RocketQA: An Optimized Training Approach to Dense Passage Retrieval for Open-Domain Question Answering (2010.08191v2)

Abstract: In open-domain question answering, dense passage retrieval has become a new paradigm to retrieve relevant passages for finding answers. Typically, the dual-encoder architecture is adopted to learn dense representations of questions and passages for semantic matching. However, it is difficult to effectively train a dual-encoder due to the challenges including the discrepancy between training and inference, the existence of unlabeled positives and limited training data. To address these challenges, we propose an optimized training approach, called RocketQA, to improving dense passage retrieval. We make three major technical contributions in RocketQA, namely cross-batch negatives, denoised hard negatives and data augmentation. The experiment results show that RocketQA significantly outperforms previous state-of-the-art models on both MSMARCO and Natural Questions. We also conduct extensive experiments to examine the effectiveness of the three strategies in RocketQA. Besides, we demonstrate that the performance of end-to-end QA can be improved based on our RocketQA retriever.

Overview of RocketQA: An Optimized Approach for Dense Passage Retrieval

The paper "RocketQA: An Optimized Training Approach to Dense Passage Retrieval for Open-Domain Question Answering" addresses the challenging task of efficiently training dense passage retrievers within the context of open-domain question answering (QA). The authors aim to enhance the performance of dual-encoder architectures through innovative strategies responding to the prevalent discrepancies between training and inference processes, the presence of unlabeled positives, and the constraints of limited training data.

Technical Contributions

1. Cross-Batch Negatives: The traditional in-batch negative sampling is extended to cross-batch negatives, significantly increasing the diversity and number of negative samples available during training without additional sampling complexity. This strategy effectively mitigates the discrepancy between training and inference stages by incorporating negatives from across multiple batches.
2. Denoised Hard Negatives: Leveraging a cross-encoder architecture to filter out false negatives, this approach ensures that the hard negatives used for training are truly non-relevant, thereby improving the model's discriminative ability. The cross-encoder's superior capability in semantic matching is thus tactically utilized to refine the negative sampling process.
3. Data Augmentation: By employing the cross-encoder to label large-scale unlabeled data, RocketQA expands the training set with high-quality pseudo-labeled data, promoting robust learning. This technique allows for the dual-encoder to be enhanced without the need for extensive manual annotations.

Experimental Evaluation

The authors conducted extensive experiments using well-established QA datasets, MSMARCO and Natural Questions (NQ), demonstrating the superior performance of RocketQA compared to existing approaches. On MSMARCO, RocketQA achieved a remarkable MRR@10 of 37.0, outperforming previous state-of-the-art models. Similarly, on the NQ dataset, the model yielded substantial enhancements in retrieval quality, as evidenced by improved recall scores across various top-k settings.

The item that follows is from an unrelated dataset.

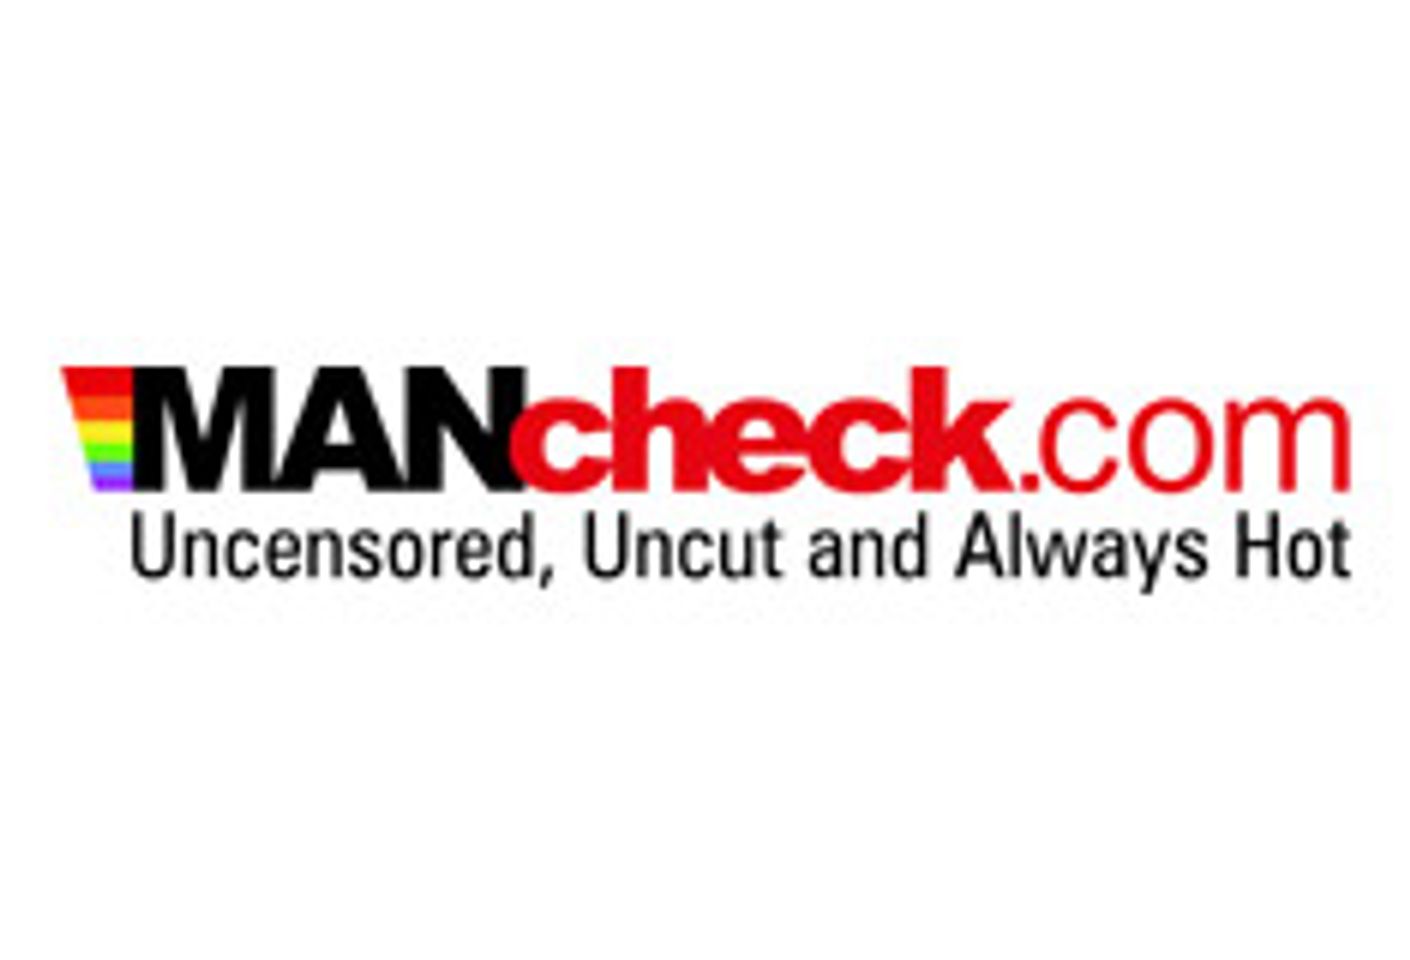 Company Profile: MANcheck.com

Implications and Future Directions

The proposed methodologies contribute theoretically to the enhancement of dual-encoder architectures by showcasing effective strategies to deal with common training challenges in dense retrieval. Practically, RocketQA's experimental results suggest that significant improvements in QA system capabilities can be attained by addressing negative sampling and data augmentation comprehensively. These strategies are not confined to passage retrieval but can be extended to other domains where similar training disparities are present.

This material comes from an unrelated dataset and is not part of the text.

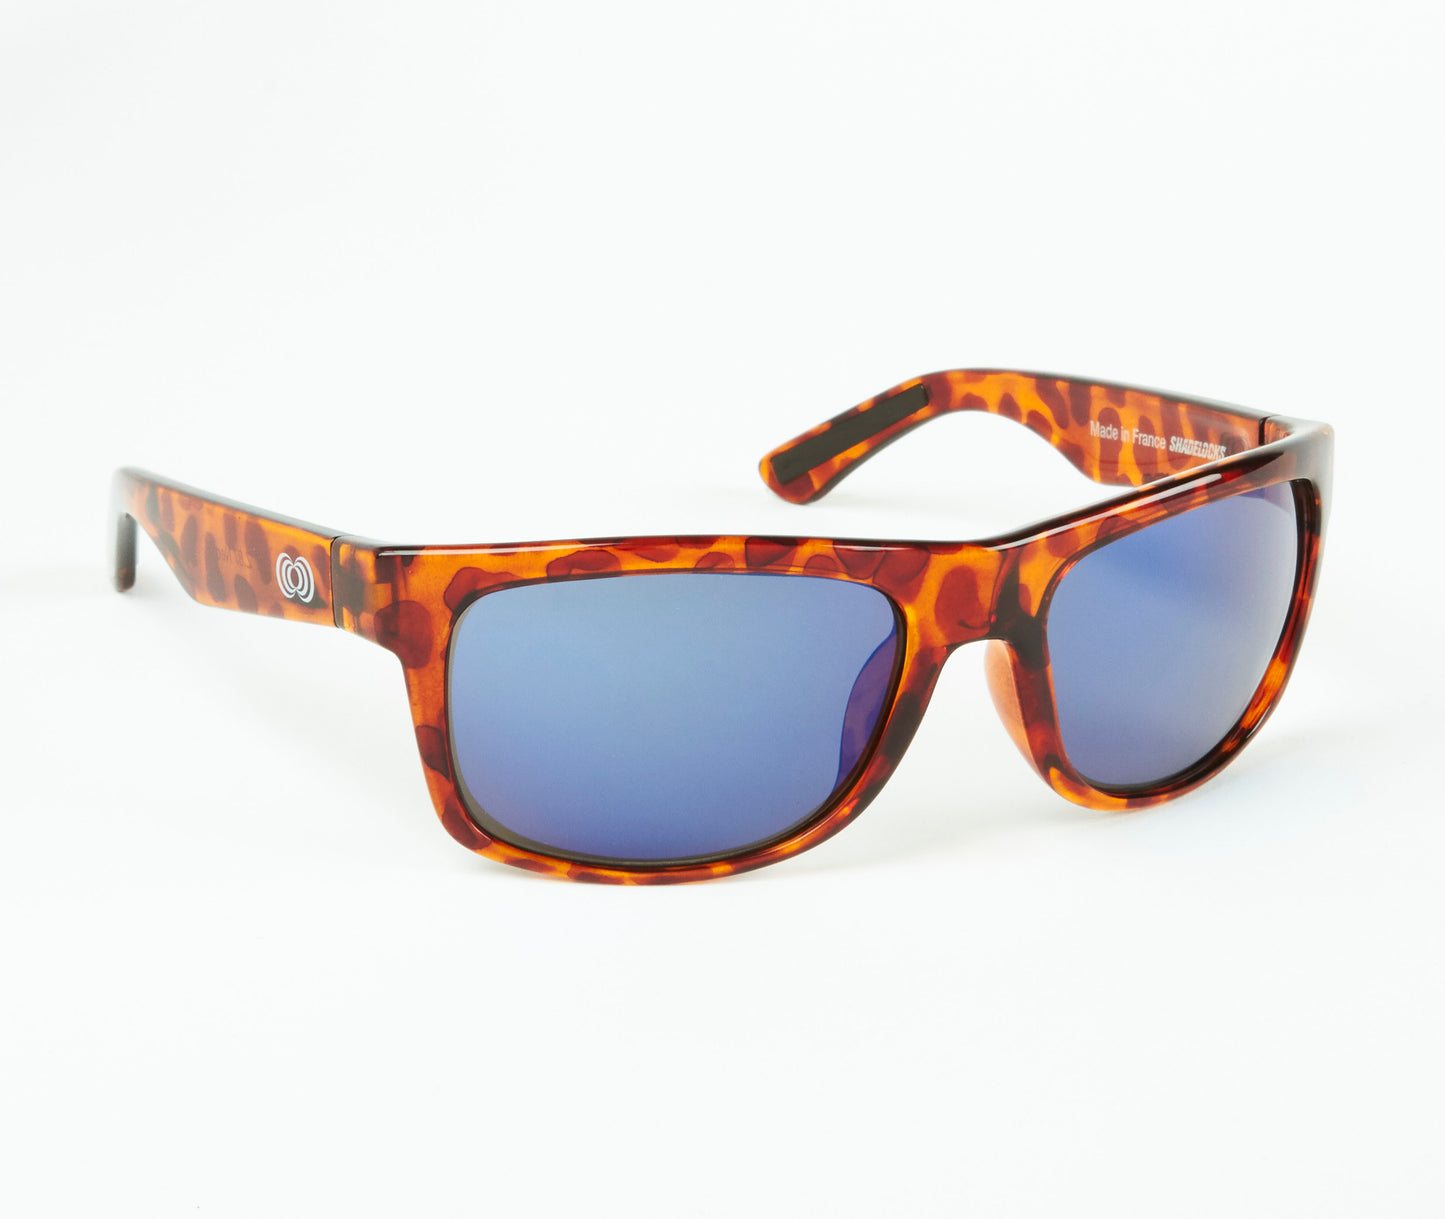 NEO Tortoise Magnetic Sunglasses

The integration of cross-encoder mechanisms in training dense retrievers opens an avenue for developing hybrid models that combine the strengths of different encoding architectures, potentially leading to even more refined and efficient models in future research.

Summarily, RocketQA represents an essential advancement in the optimization of dense passage retrieval systems, providing a robust framework that enhances both theoretical understanding and practical application in open-domain QA tasks.